In this study, the deep learning model YOLOv5 is used for training the data set. The customised data set contained 500 images of elephants. 100 elephant images were used for validation. The google collab platform is used to train this model. The model is trained with 100 epochs, and the batch size is 16.
Figure 7 illustrates the sample of elephant detection using YOLOv5 model.
3.3. Modules Used in Application Model
Motion detection: This module is connected to the intelligent camera. The camera captures the stream of pictures. The motion detection module extracts the moving element from this image and sends the data to the next module for further processing.
Elephant detection: This elephant detection module receives the data sent by the motion detection module. This module extracts the image of the elephant from the received data. This detection is done based on different image segmentation techniques. One of the detection techniques is explained in simple steps in the previous Algorithm 1. This module also computes the location of each elephant.
Table 2 shows some popular algorithms used for real-time detection.

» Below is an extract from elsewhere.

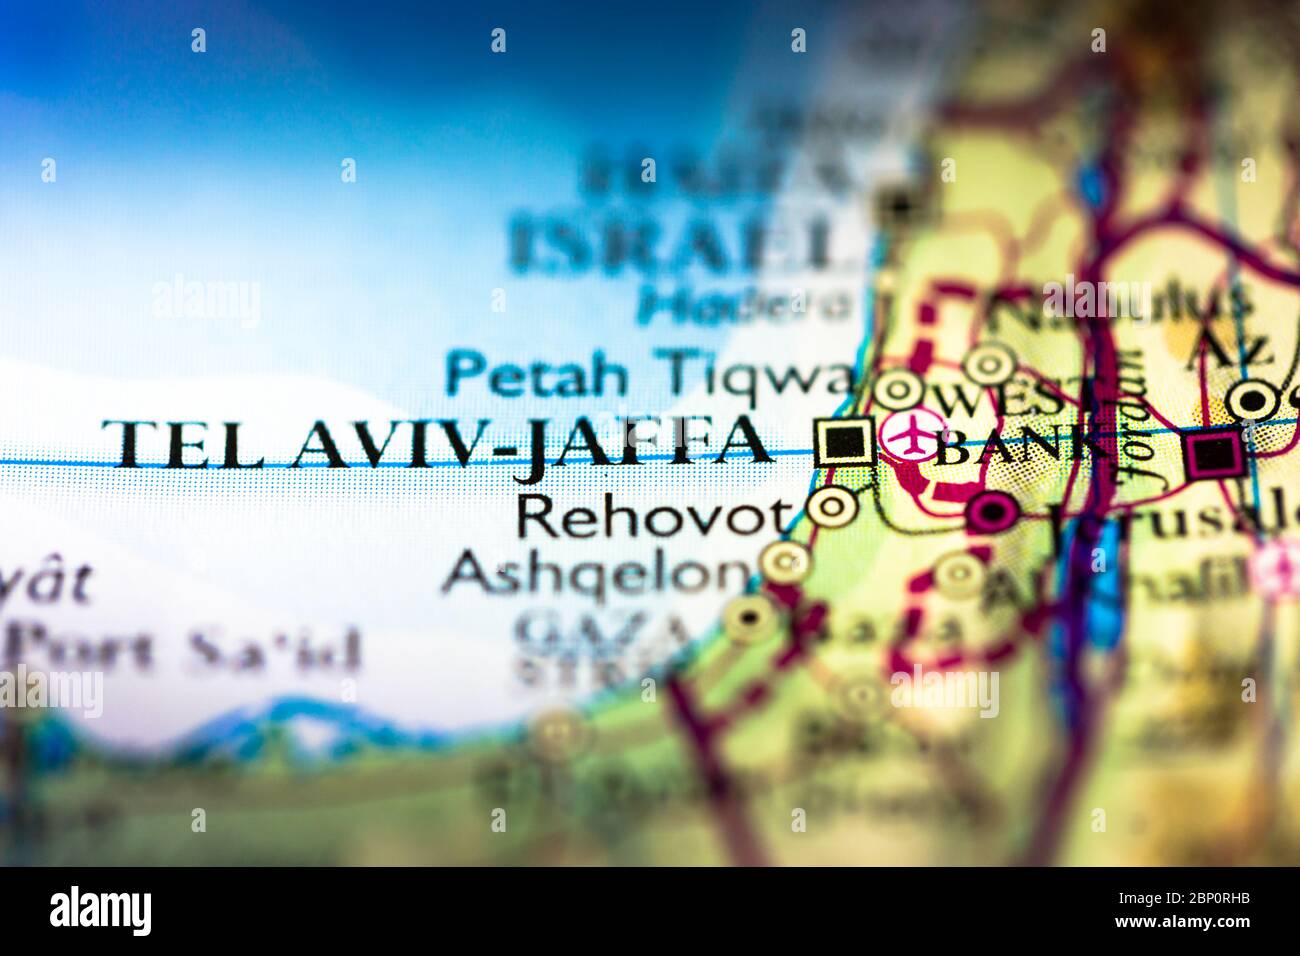 Profundidad de campo reducida se centra en la ubicación del mapa geográfico del continente asiático de Jaffa Israel de Tel Aviv en el atlas Foto de stock

Elephant tracker: The elephant tracking module receives information from the elephant detection module. This module calculates the optimal camera position based on the elephant’s last coordinate. This information is sent to the next camera control module.
Camera Control: The camera control module receives various parameters from the elephant tracker module and moves the camera according to these values.
Light Interface: Based on the presence of elephants, the elephant detection module sends the information to the light interface. This module controls the lighting installed next to the railroad tracks.
Table 3 represents the amount of data generated by the camera sensor after a 5-millisecond interval. That CPU length (Mill. Ins.) represents the number of instructions present on that data and tupleNWlength (Bytes) represents the size of data in Bytes. That is similar to the
Video Stream tuple type in
Table 4.
Figure 8 shows the data sequence diagram of the entire system. This figure contains cameras, including a sensor and an actuator, a fog node, a LED light base station, and a rail driver. In our simulation process, the camera is nothing more than a fog device. Within the device, two primary operations take place: (1) recording the raw video. (2) Detecting the motion video and uploading the video to the fog node.
Figure 8 consists of four nodes connected by communication links. After the task is placed in this fog node for processing, the fog nodes coordinate with each other. The result is reflected on the LED light and the elephant detection base camp/station.